The data also show that politics in general, ie alleged declarations by authorities, alleged separatist actions among others, and sub-national elections were the other two thematic axes marking a disinformation agenda.

“The disinformation took place in stages. The moment of the sub-national elections is when there is more disinformation about the political parties, their offers, disinformation about one and the other (candidates), ”said the coordinator of ChequeaBolivia, Juan Carlos Uribe.

The graphs show that there was more misinformation in the months of March and October than in the other months. Both dates coincide with the sub-national elections and conflicts that arose from the motion to repeal Law 1386 of the National Strategy to Combat the Legitimation of Illegal Profits and the Financing of Terrorism and the Bill against the Legitimation of Illegal Profits.
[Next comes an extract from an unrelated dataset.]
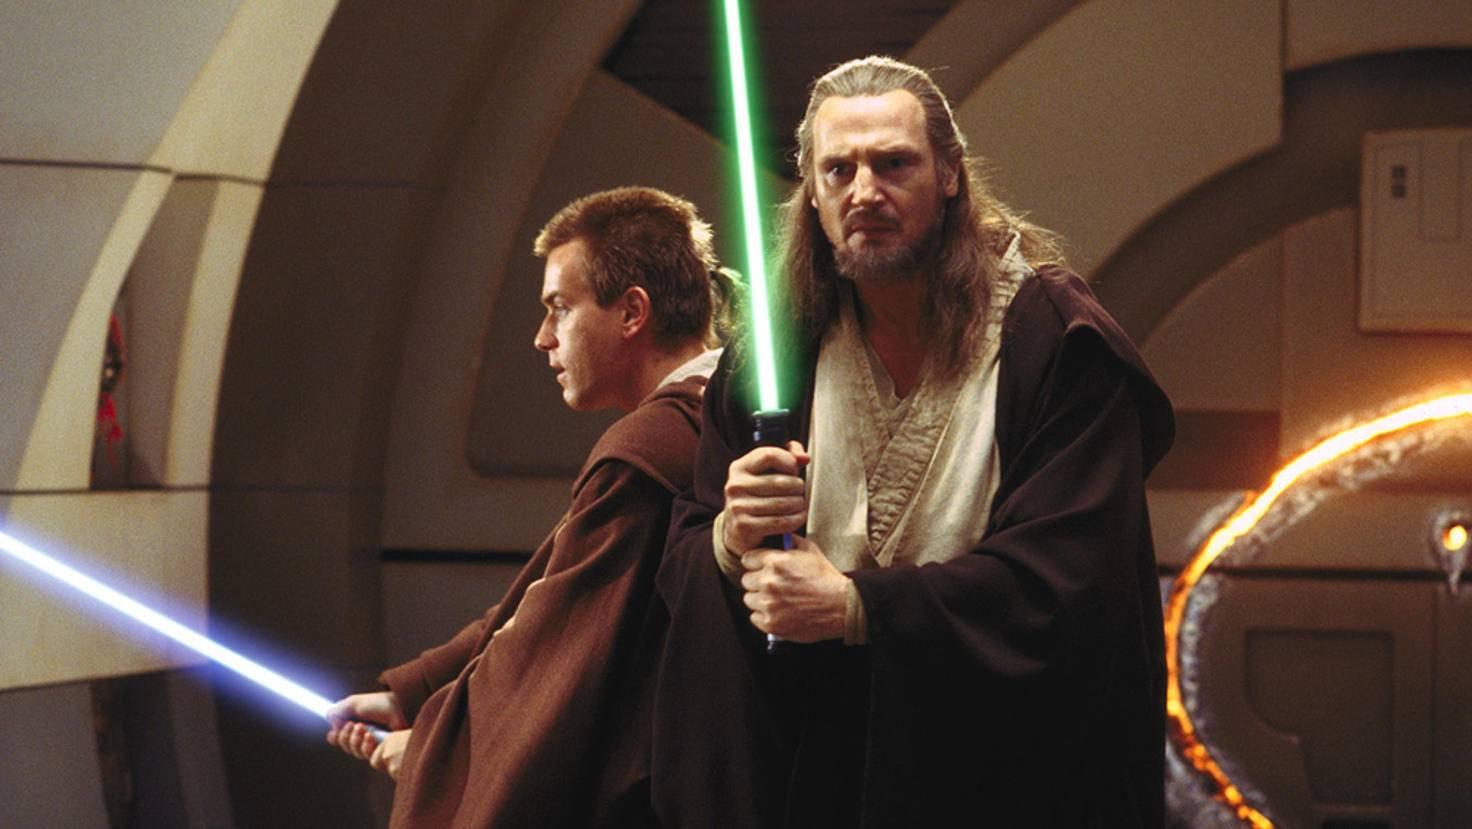 Liam Neeson-Star Wars-picture alliance kpa-7211662

According to Uribe, it is becoming increasingly complex to detect disinformation generated by individuals related to the Movement towards Socialism (MAS), forcing the use of new surveillance and verification techniques, which in the case of content that misinforms in favor of the opposition does not Case is. He added that in the past few months, Facebook pages have been discovered that misinformation and pay for advertisements to promote content on that social network.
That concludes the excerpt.